Job opportunity: Research, Advocacy and Policy Manager at Triangle Project

Job opportunity: Research, Advocacy and Policy Manager

Triangle Project is a registered not-for-profit organisation based in Cape Town that focuses on the human rights of lesbian, gay, bisexual, transgender and intersex (LGBTI) people. The organisation achieves its objectives through a number of core programmes, including the Research, Advocacy & Policy (RAP) Programme. The RAP Programme aims to generate an accessible body of knowledge on LGBTI issues through community-based research that informs activism and advocacy. The Programme also promotes the rights of LGBTI people by engaging in advocacy at local and national level aimed at transforming legislation, policies and practices of various state institutions and civil society organisations.

Our approach in the RAP Programme is informed by principles of participatory research with a focus on skills- and capacity-building of LGBTI community activists and organisations. Working within such a framework facilitates the creation of knowledge that is owned and controlled by LGBTI persons and ultimately increases the depth and reach of community-led advocacy based on the research findings.

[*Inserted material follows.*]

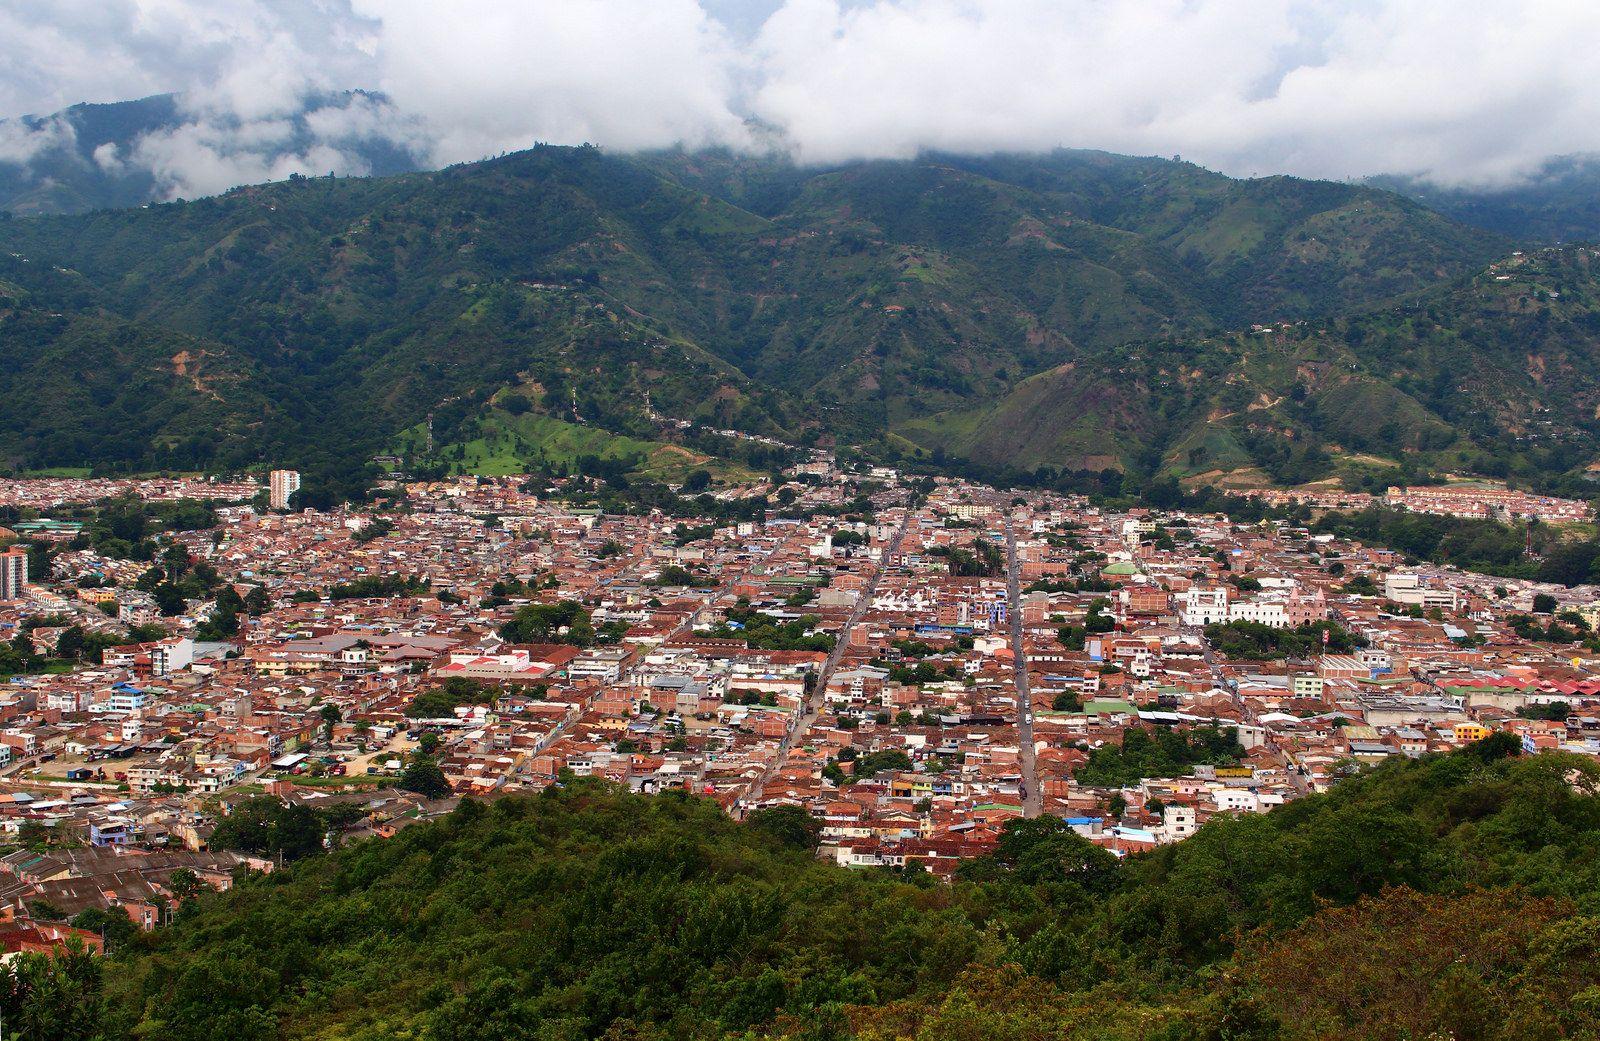 Piedecuesta Santander Colombia Natural Landmarks Dolores Park Aerial
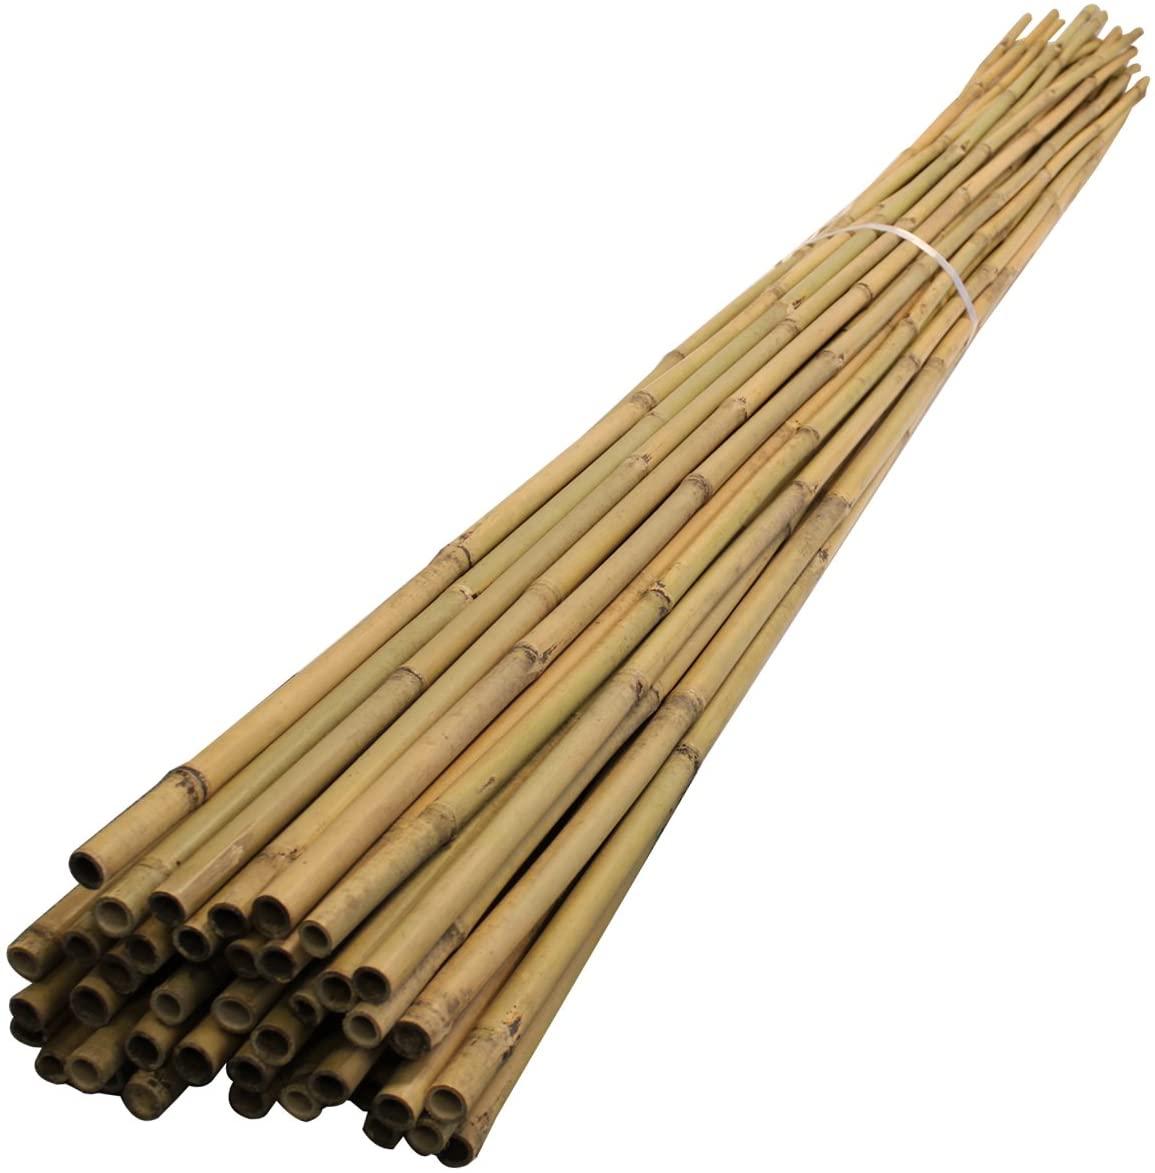 bamboo garden cane ten pack

We are seeking to appoint a Research, Advocacy and Policy Manager for the Programme, to take forward an urgent existing portfolio of work.

 Key responsibilities:

  • Design and implement research and advocacy programmes, with a focus on hate crimes and sexual orientation- and gender-based violence
  • Commission, lead and/or conduct research that supports Triangle Project’s advocacy strategy and which feeds back into service provision
  • Develop research and policy briefs, research reports, policy and legislation submissions and opinion pieces for local and national news publications, and develop related information, education and communication (IEC) material
  • Partner with other networks and coalitions to ensure that the needs and rights of LGBTI persons are integrated and addressed
  • Respond to discrimination and promote the rights and responsibilities of LGBTI persons more broadly
  • Manage staff in the RAP Programme, participate in Management Committee meetings and processes and report to the Director on work conducted in the Programme

Key requirements:

  • Postgraduate degree in social sciences or humanities, with training and experience in quantitative and qualitative research methodologies
  • At least 3 years experience in working at an advocacy level around human rights and particularly around sexual and gender rights
  • Clear understanding of gender, sexual diversity, HIV and AIDS and LGBTI issues
  • Ability to engage with, and influence, diverse stakeholders including government departments
  • Proven ability to work well under pressure, within a small team environment and meet deadlines
  • Excellent communication skills in at least two local languages (additional competence in other languages of the region would be an added advantage)
  • Excellent writing skills in English

Interested candidates are invited to submit (1) a motivation letter; (2) detailed CV; (3) writing sample; and (4) details of three contactable work-related references to by Monday 24 November 2014. Submission prior to this date is encouraged.

Triangle Project practices affirmative action for LGBTI people. Please note that only shortlisted candidates will be contacted.